Now, the internal cluster is already using BGP. We can create a Deployment and a service to test it.
apiVersion: apps/v1
kind: Deployment
metadata:
name: nginx-deployment
spec:
selector:
matchLabels:
app: nginx
replicas: 2 # tells deployment to run 2 pods matching the template
template:
metadata:
labels:
app: nginx
spec:
containers:
- name: nginx
image: nginx:1.14.2
ports:
- containerPort: 80
---
apiVersion: v1
kind: Service
metadata:
labels:
app: nginx
name: nginx
spec:
ports:
- port: 80
protocol: TCP
targetPort: 80
selector:
app: nginx
Check the Nginx pods and services IP addresses by the following command. It indicated Cilium works fine.
root@k8smaster0:~/app# kubectl get service nginx
NAME TYPE CLUSTER-IP EXTERNAL-IP PORT(S) AGE
nginx ClusterIP 10.96.229.67 <none> 80/TCP 12m
root@k8smaster0:~/app# kubectl get pods -o wide -l app=nginx
NAME READY STATUS RESTARTS AGE IP NODE NOMINATED NODE READINESS GATES
nginx-deployment-7fb96c846b-7jhtt 1/1 Running 0 12m 10.112.1.174 k8sslave0 <none> <none>
nginx-deployment-7fb96c846b-lqpgf 1/1 Running 0 12m 10.112.1.125 k8sslave0 <none> <none>
root@k8smaster0:~/app# curl 10.96.229.67
<!DOCTYPE html>
<html>
<head>
<title>Welcome to nginx!</title>
<style>
body {
width: 35em;
margin: 0 auto;
font-family: Tahoma, Verdana, Arial, sans-serif;
}
</style>
</head>
<body>
<h1>Welcome to nginx!</h1>
<p>If you see this page, the nginx web server is successfully installed and
working. Further configuration is required.</p>
<p>For online documentation and support please refer to
<a href="http://nginx.org/">nginx.org</a>.<br/>
Commercial support is available at
<a href="http://nginx.com/">nginx.com</a>.</p>
<p><em>Thank you for using nginx.</em></p>
</body>
</html>
And we can use the Cilium command to get the services managed by Cilium.

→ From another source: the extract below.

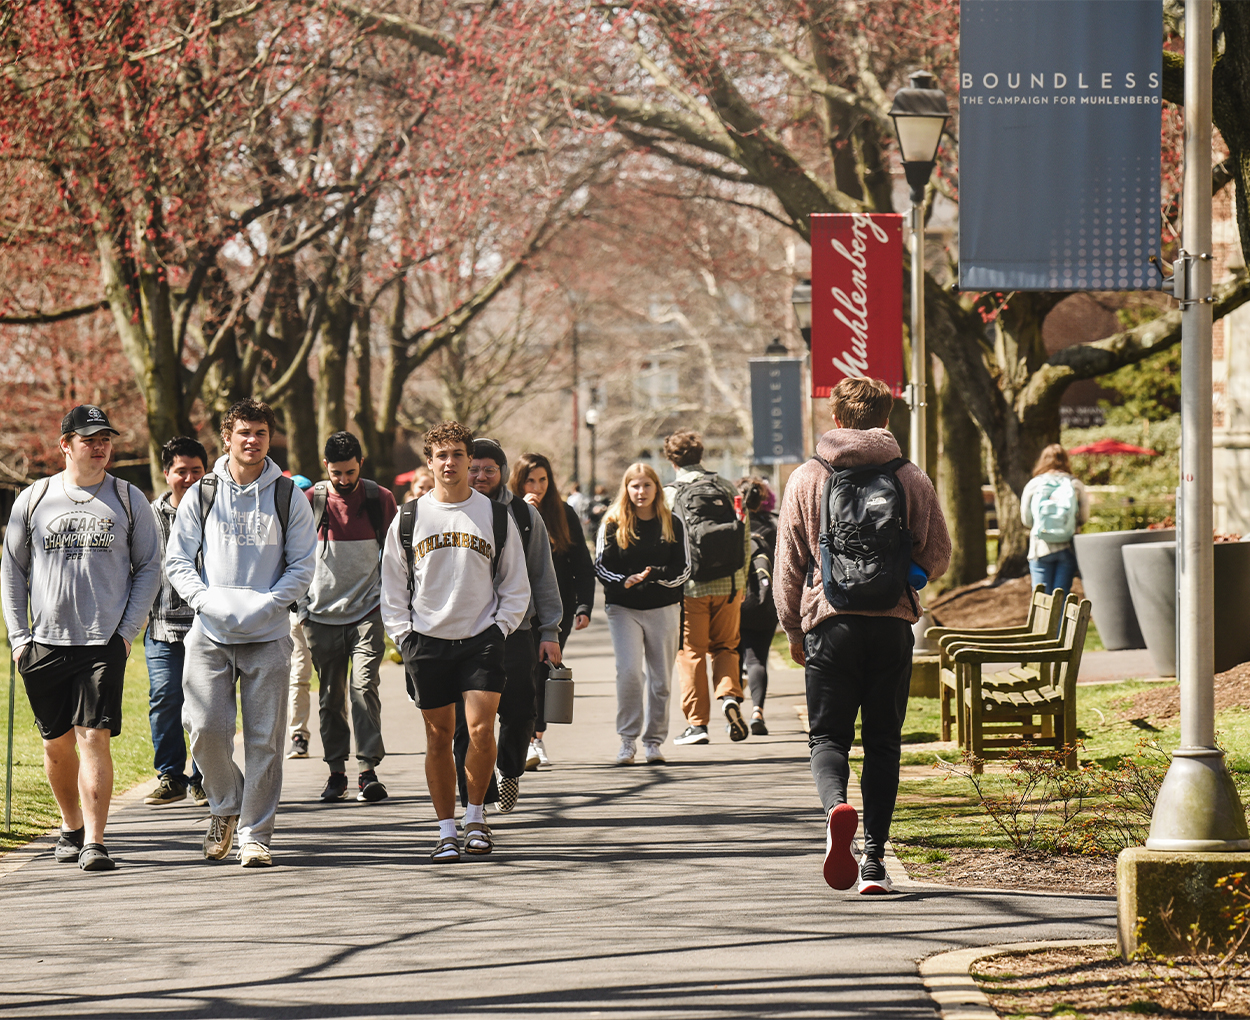 Students walk down a tree-lined sidewalk on a college campus with banners that read Muhlenberg.

root@k8smaster0:~/app# kubectl get pods -A -l k8s-app=cilium
NAMESPACE NAME READY STATUS RESTARTS AGE
kube-system cilium-2xlxh 1/1 Running 0 60m
kube-system cilium-hcr6r 1/1 Running 0 60m
root@k8smaster0:~/app# kubectl -n kube-system exec cilium-2xlxh -- cilium service list
Defaulted container "cilium-agent" out of: cilium-agent, mount-cgroup (init), apply-sysctl-overwrites (init), mount-bpf-fs (init), clean-cilium-state (init)

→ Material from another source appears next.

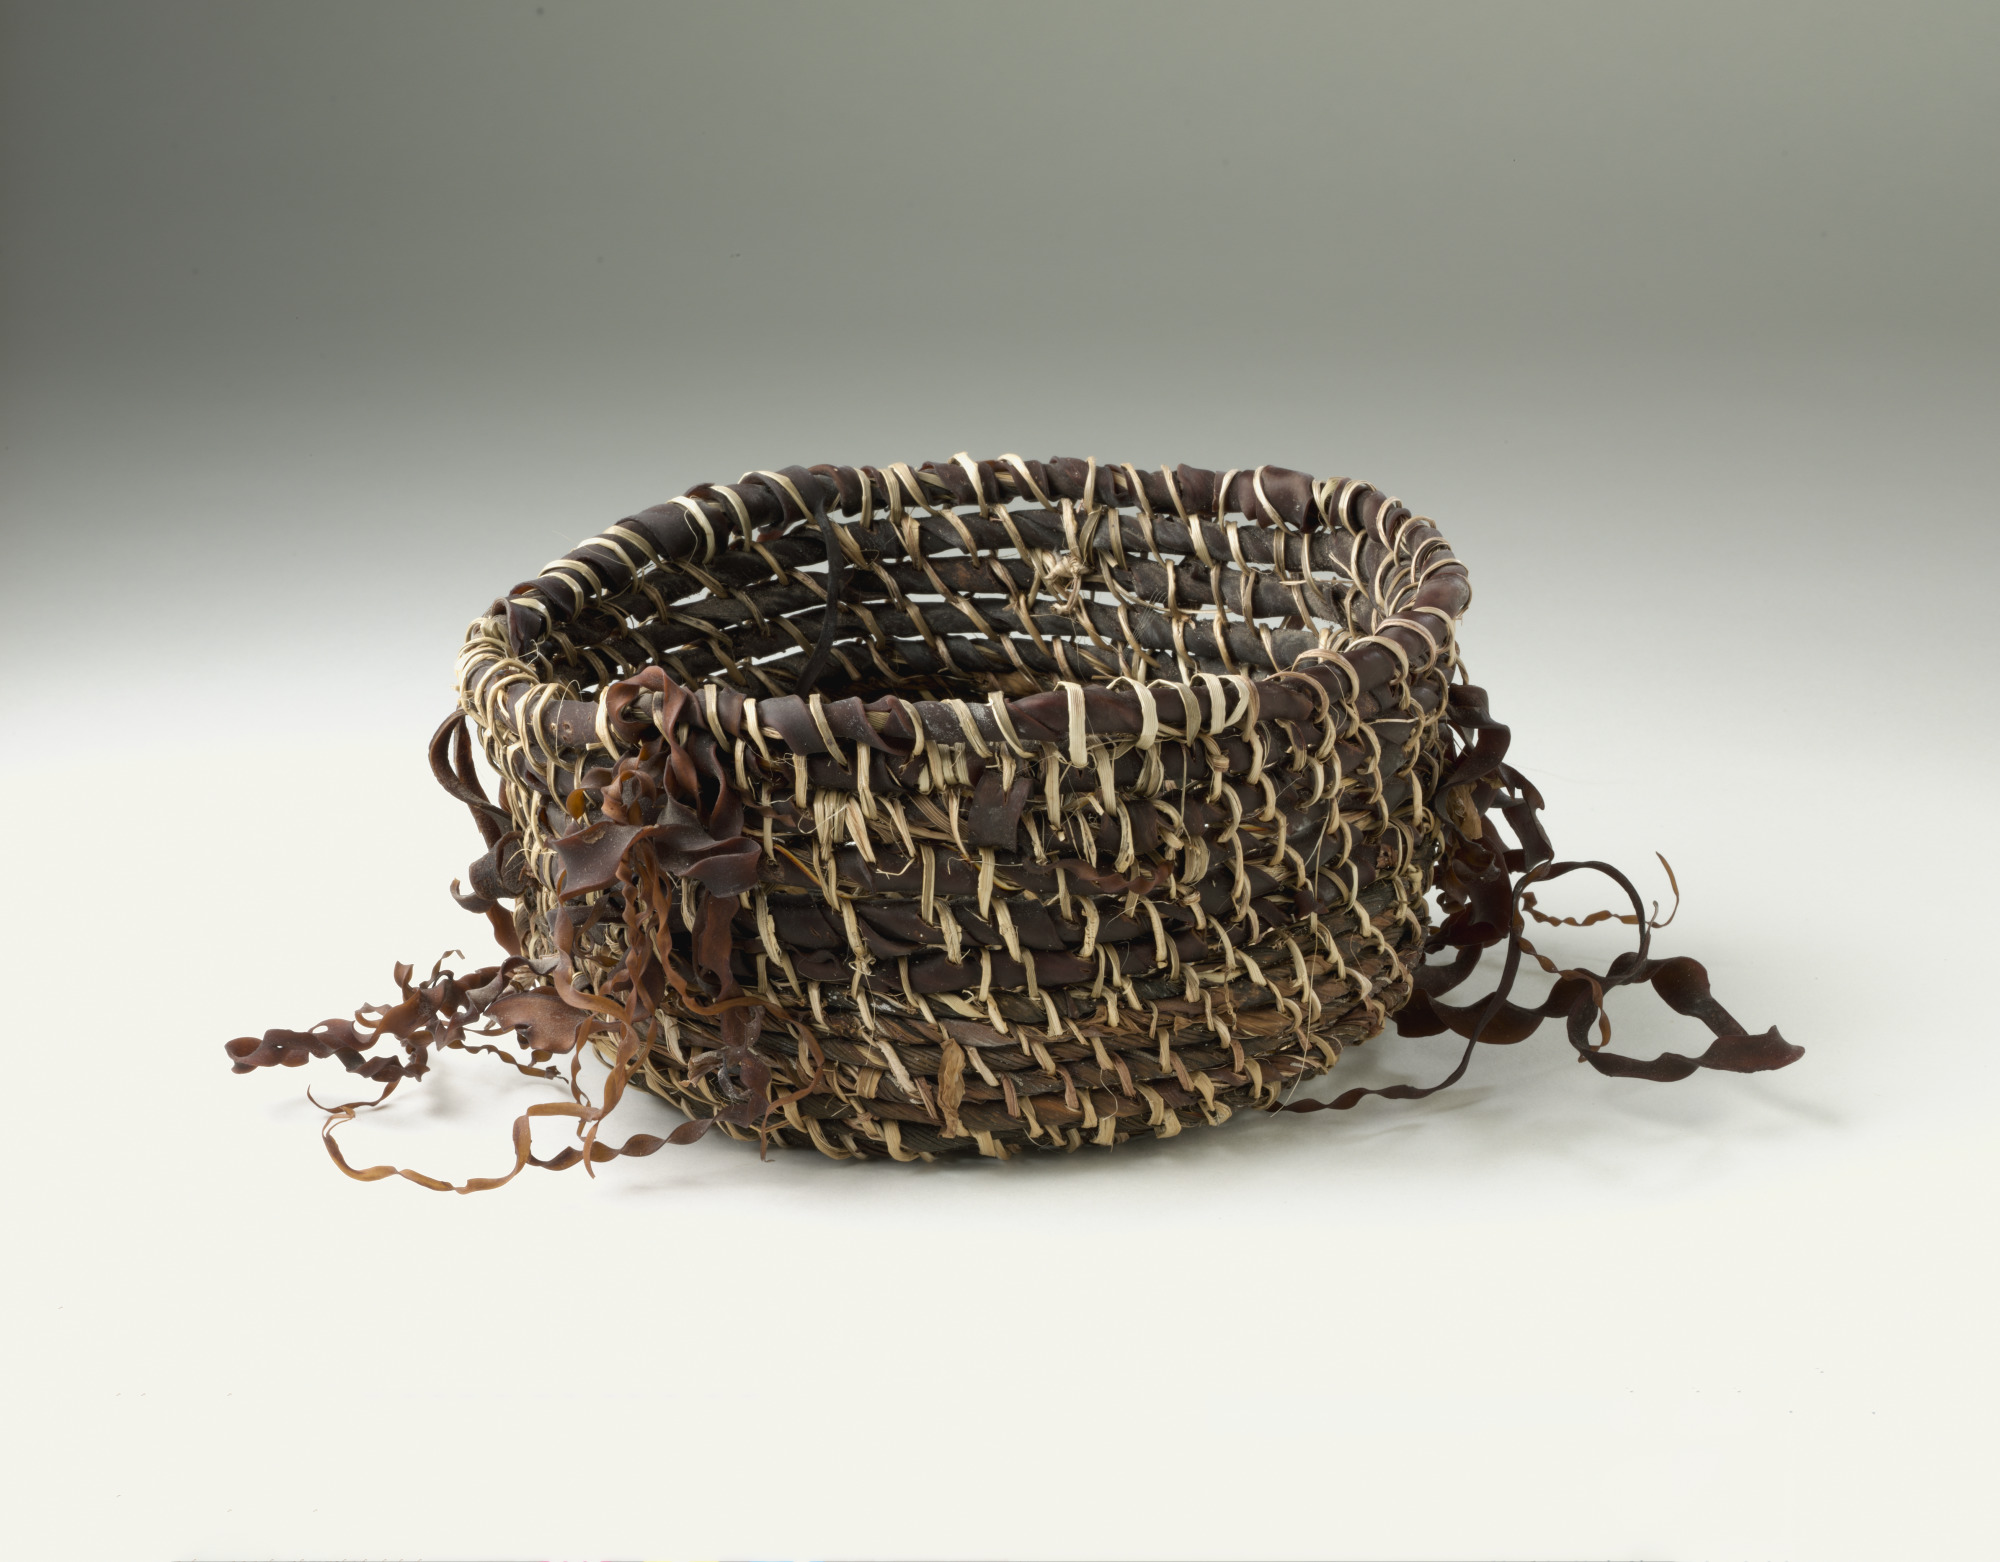 A basket woven from flax and bull kelp, made by Muriel Maynard

ID Frontend Service Type Backend
1 10.96.0.1:443 ClusterIP 1 => 192.168.56.4:6443 (active)
2 10.96.0.10:53 ClusterIP 1 => 10.112.0.59:53 (active)
2 => 10.112.0.84:53 (active)
3 10.96.0.10:9153 ClusterIP 1 => 10.112.0.59:9153 (active)

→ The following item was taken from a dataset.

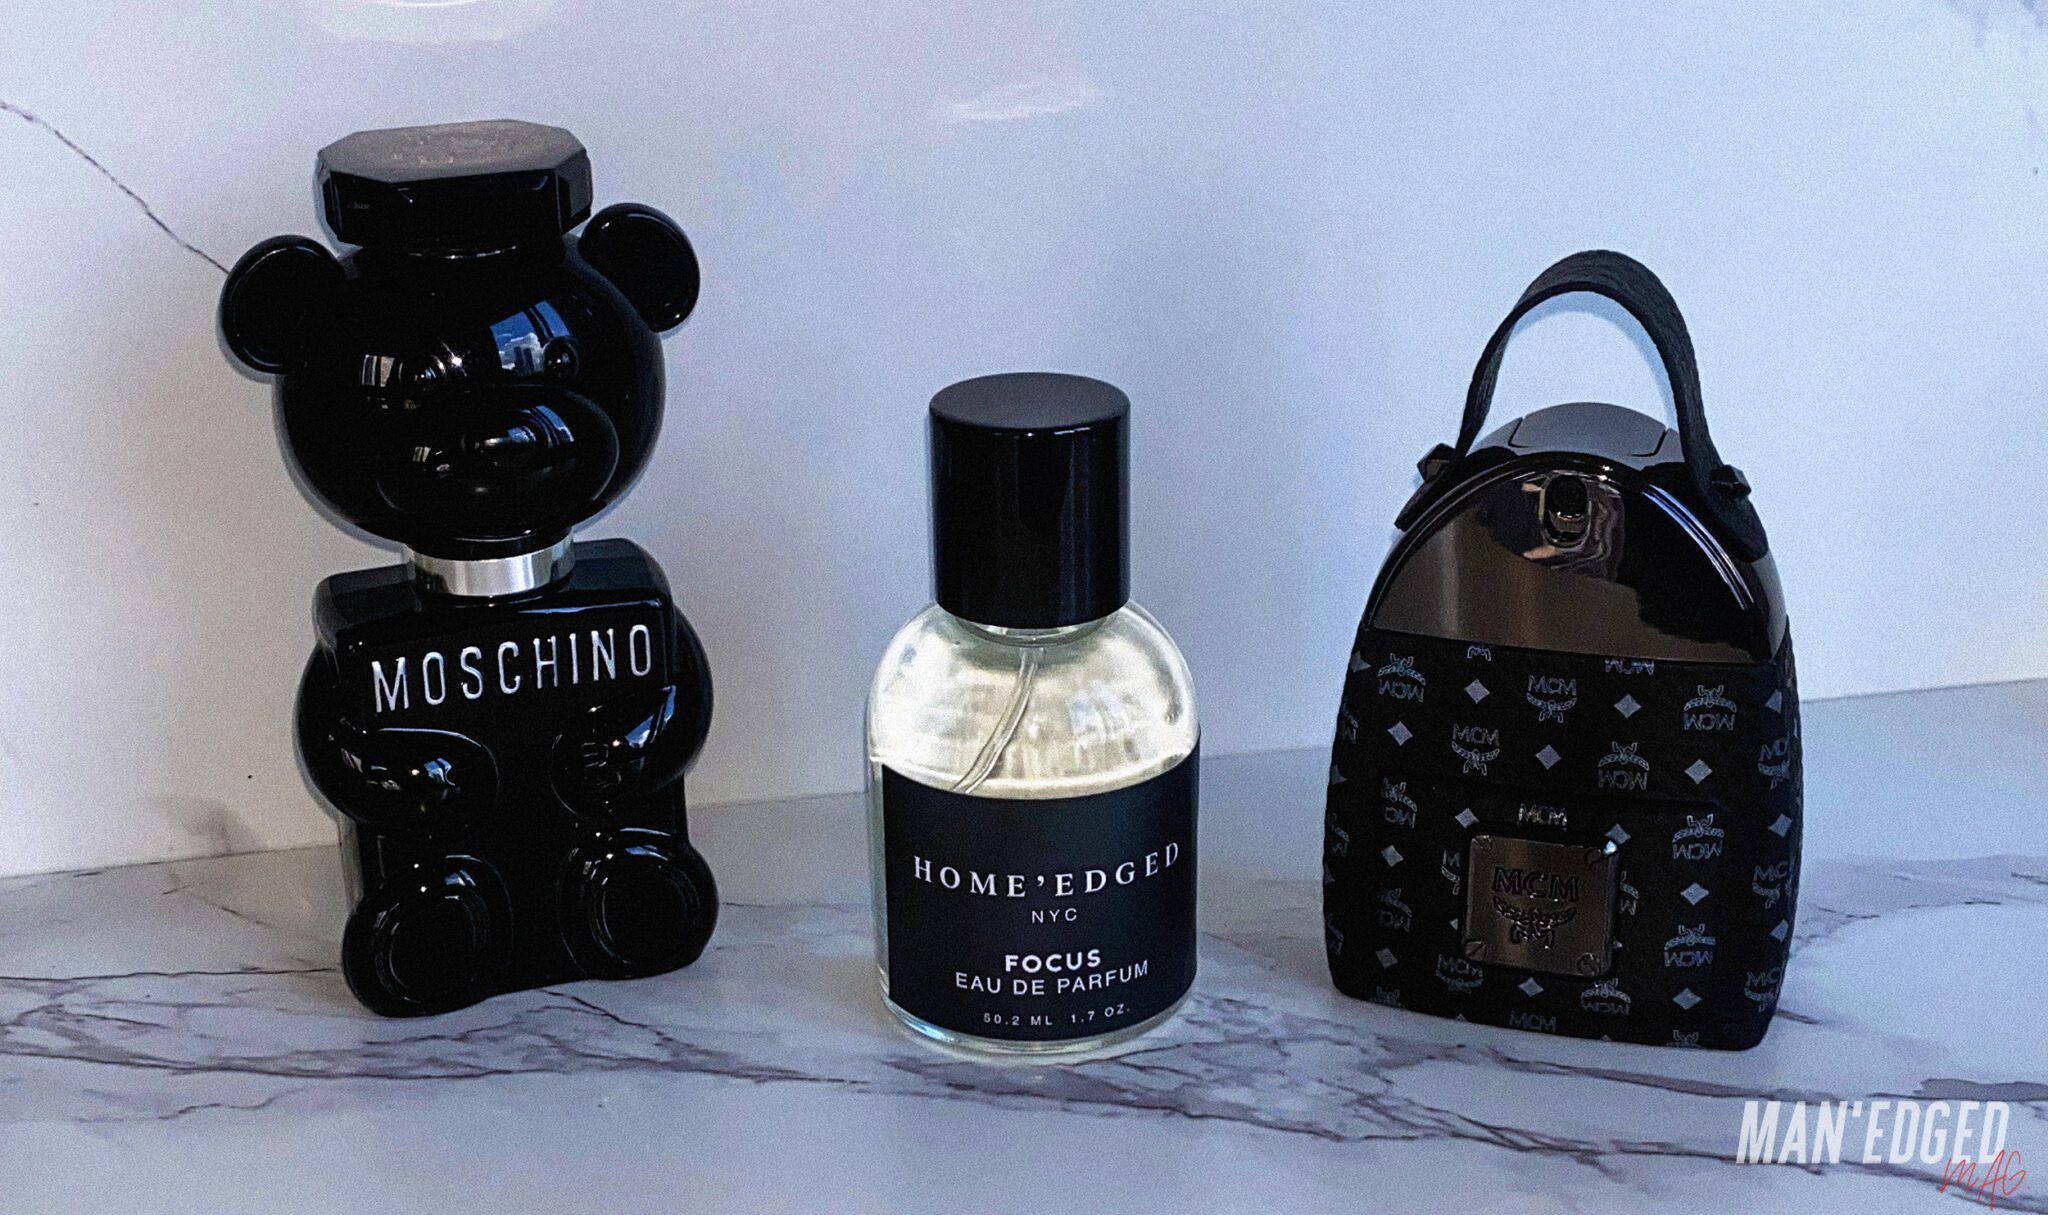 different types of colognes and their bottles

2 => 10.112.0.84:9153 (active)
4 10.98.28.103:443 ClusterIP 1 => 192.168.56.4:4244 (active)
2 => 192.168.56.5:4244 (active)
5 10.96.229.67:80 ClusterIP 1 => 10.112.1.125:80 (active)
2 => 10.112.1.174:80 (active)
root@k8smaster0:~/app#
We can see the Nginx Cluster IP 10.96.229.67
is active.
By now, we have finished all the work, the internal cluster is using BPG to communicate with each other, but we still have some work to do to let the external can route to the cluster. I’ll write it in my next blog.